Em junho, a mesma jovem documentou que esteve mais de 30 horas sem eletricidade em Matanzas, mostrando refrigeradores descongelados e alimentos estragados. “Todos os frios descongelados, os alimentos estragados”, lamentou naquela ocasião.
O novo vídeo gerou centenas de comentários, alguns solidários e outros carregados de indignação: “Os cubanos são demasiado tolerantes, por isso esse mau governo faz o que bem entende”, opinou um usuário. Outros expressaram tristeza e cansaço: “Meu Deus, 38 horas sem energia, que duro viver assim, a verdade”, enquanto alguns questionaram a falta de protestos e o conformismo: “Tudo é normal em Cuba, o conformismo”. Também houve quem ironizou: “Pensei que tinham acendido a esquina protestando pelos apagões”.
Enquanto o governo continua a falar sobre a importância da economia de energia, a população segue lidando com apagões que podem durar mais de 30 horas, no meio do calor do verão, da escassez de alimentos e de um cenário de incerteza diária.

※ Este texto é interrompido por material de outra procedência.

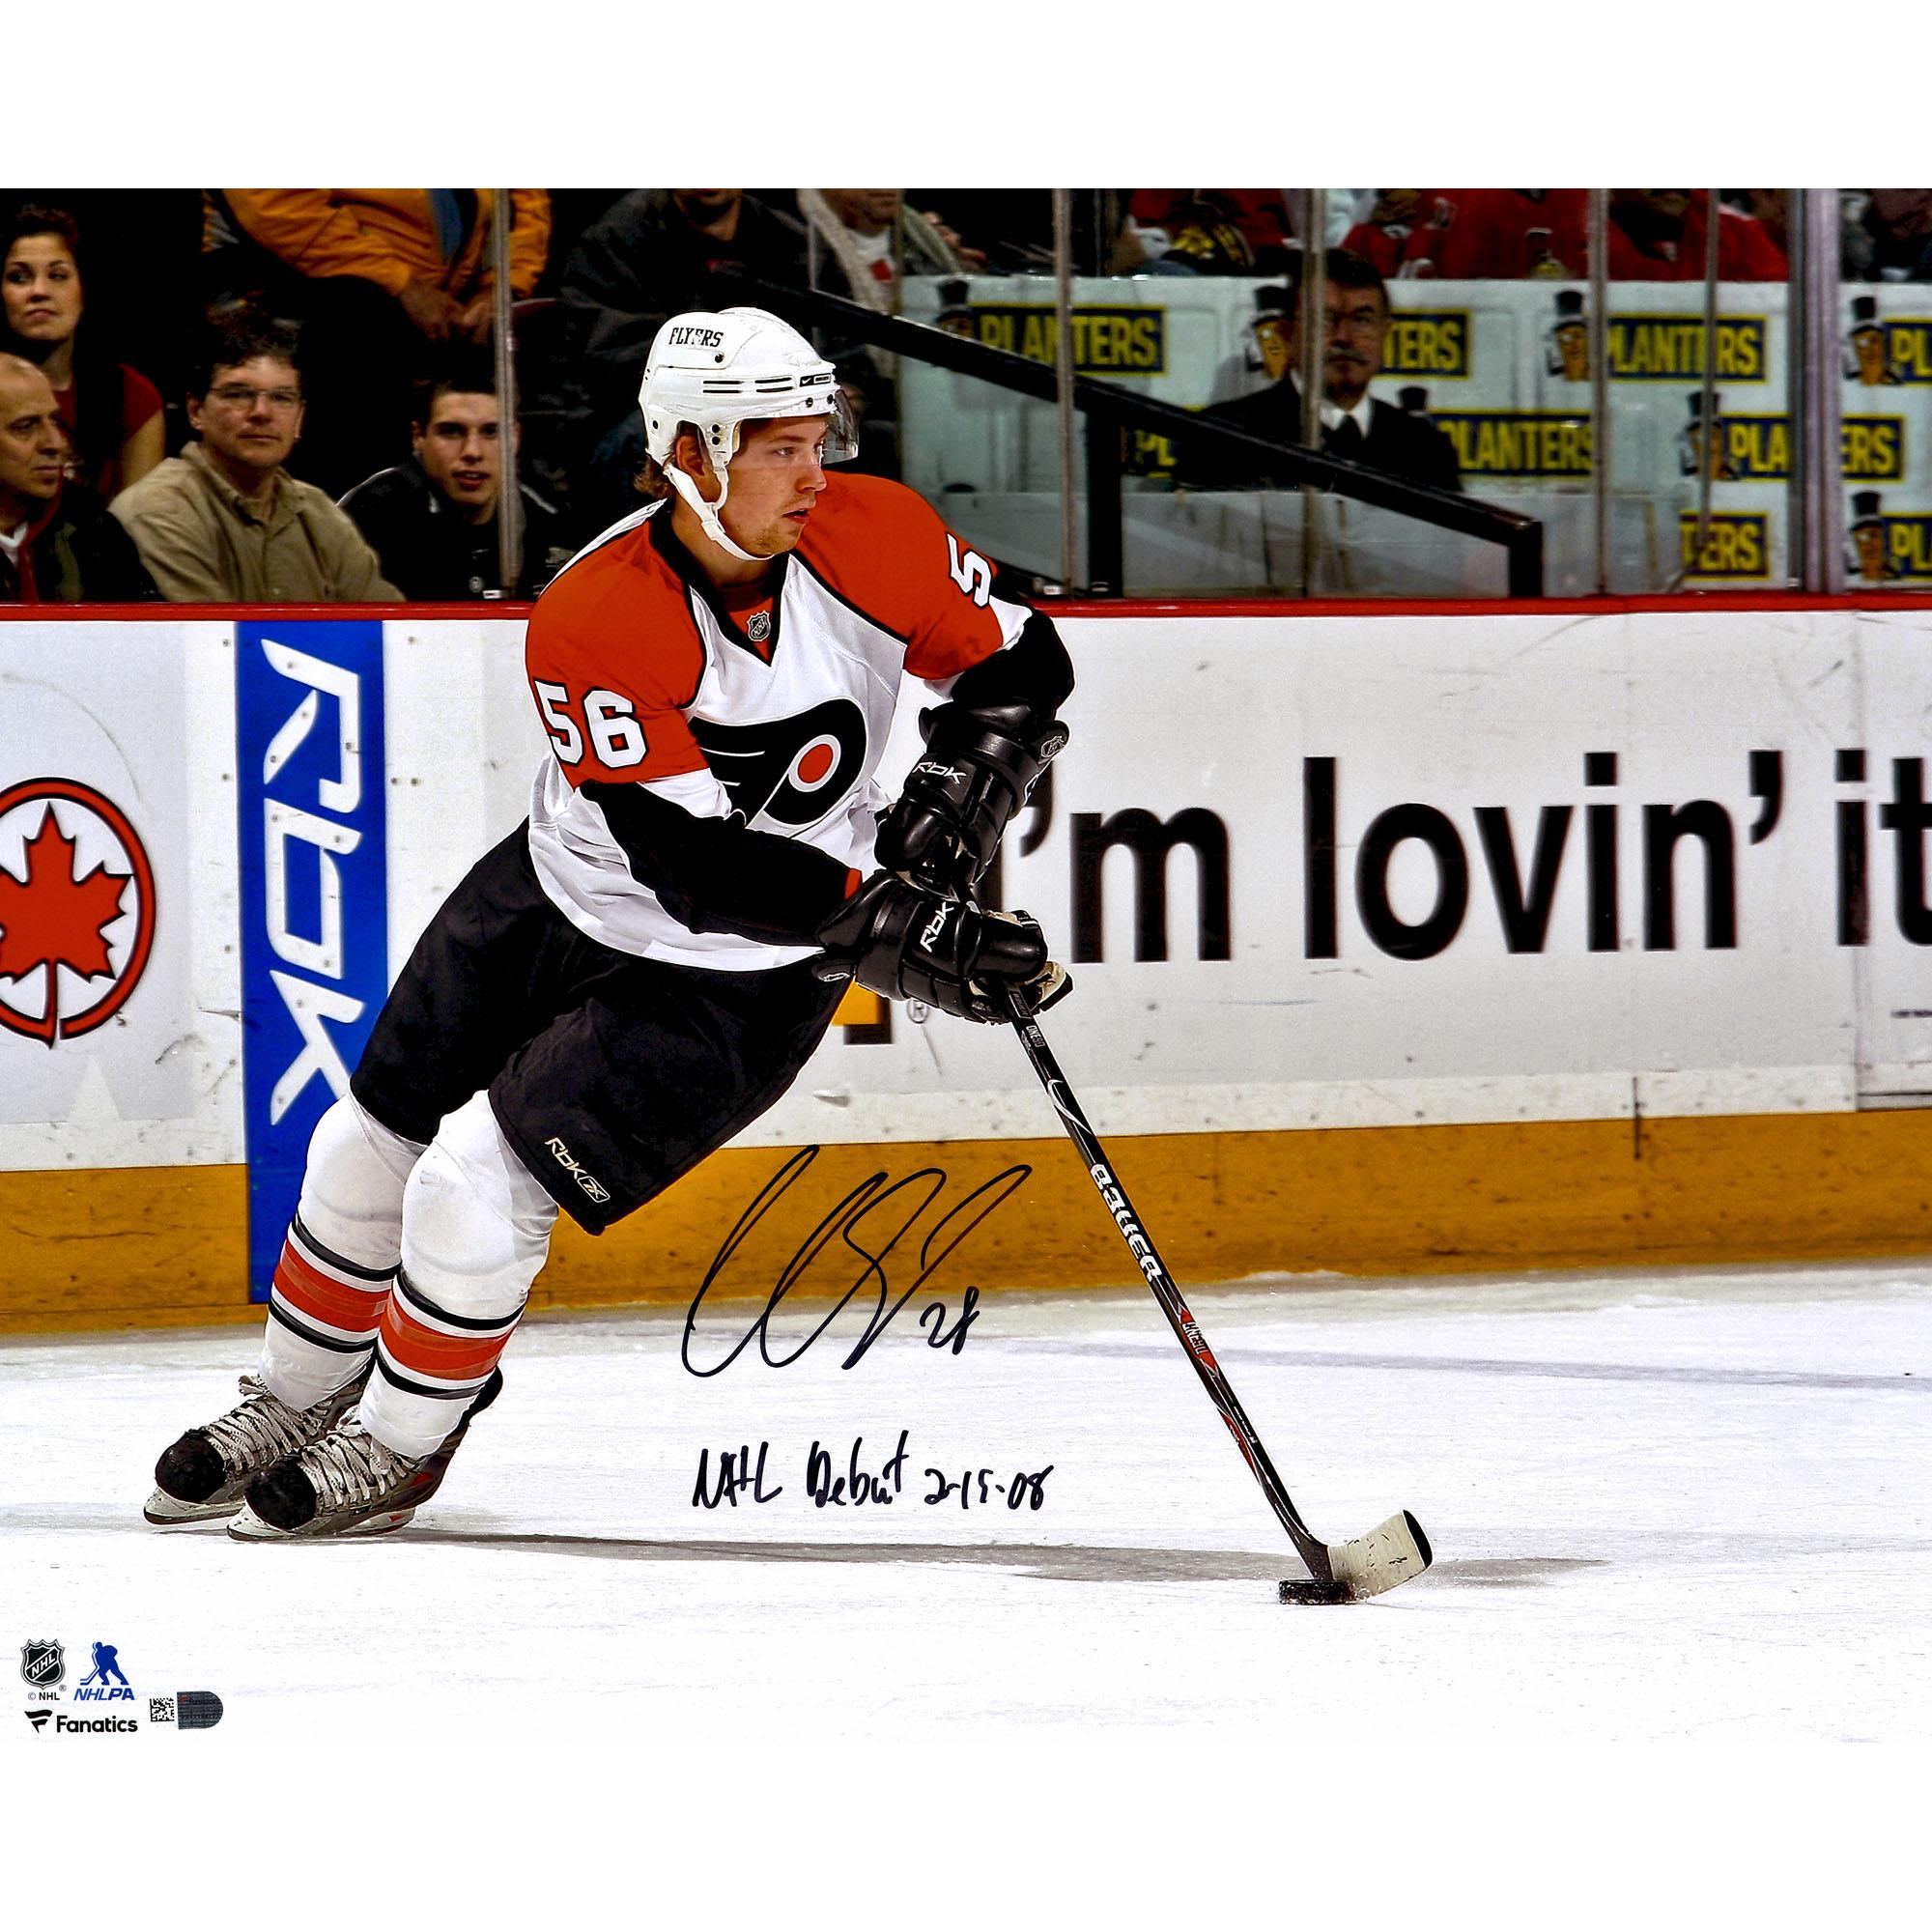 "Claude Giroux Philadelphia Flyers Fanatics Authentic Autographed 16"" x 20"" White Jersey Skating Photograph... by Fanatics Authentic"

Perguntas frequentes sobre os apagões e a crise em Cuba
Quanto tempo podem durar os apagões em Cuba?
Os apagões em Cuba podem durar mais de 30 horas, como foi documentado em Matanzas, uma das províncias mais afetadas. A crise energética na ilha se intensificou, com déficits significativos na geração de energia elétrica, o que provoca interrupções prolongadas no fornecimento de eletricidade.
Como os apagões afetam a vida diária dos cubanos?
Os apagões prolongados em Cuba afetam gravemente a vida cotidiana dos cidadãos. As famílias enfrentam dificuldades para conservar alimentos, cozinhar e realizar tarefas diárias. A falta de eletricidade também interrompe o fornecimento de água e afeta outros serviços básicos, agravando as condições de vida na ilha.
Quais medidas os cubanos tomam para enfrentar os apagões?
Para enfrentar os apagões, os cubanos recorrem a geradores elétricos quando possível, e utilizam carvão para cozinhar devido à falta de gás. Além disso, tentam armazenar água e realizar todas as tarefas domésticas durante as poucas horas em que há eletricidade. A comunidade também se organiza para compartilhar recursos e apoiar-se mutuamente.
Qual é a situação econômica atual em Cuba em relação aos apagões?
A situação econômica em Cuba é crítica, com uma inflação galopante que afeta os preços dos alimentos e outros bens básicos. Os apagões prolongados contribuem para a perda de alimentos e produtos perecíveis, o que representa um golpe econômico adicional para as famílias que já enfrentam preços elevados e salários insuficientes.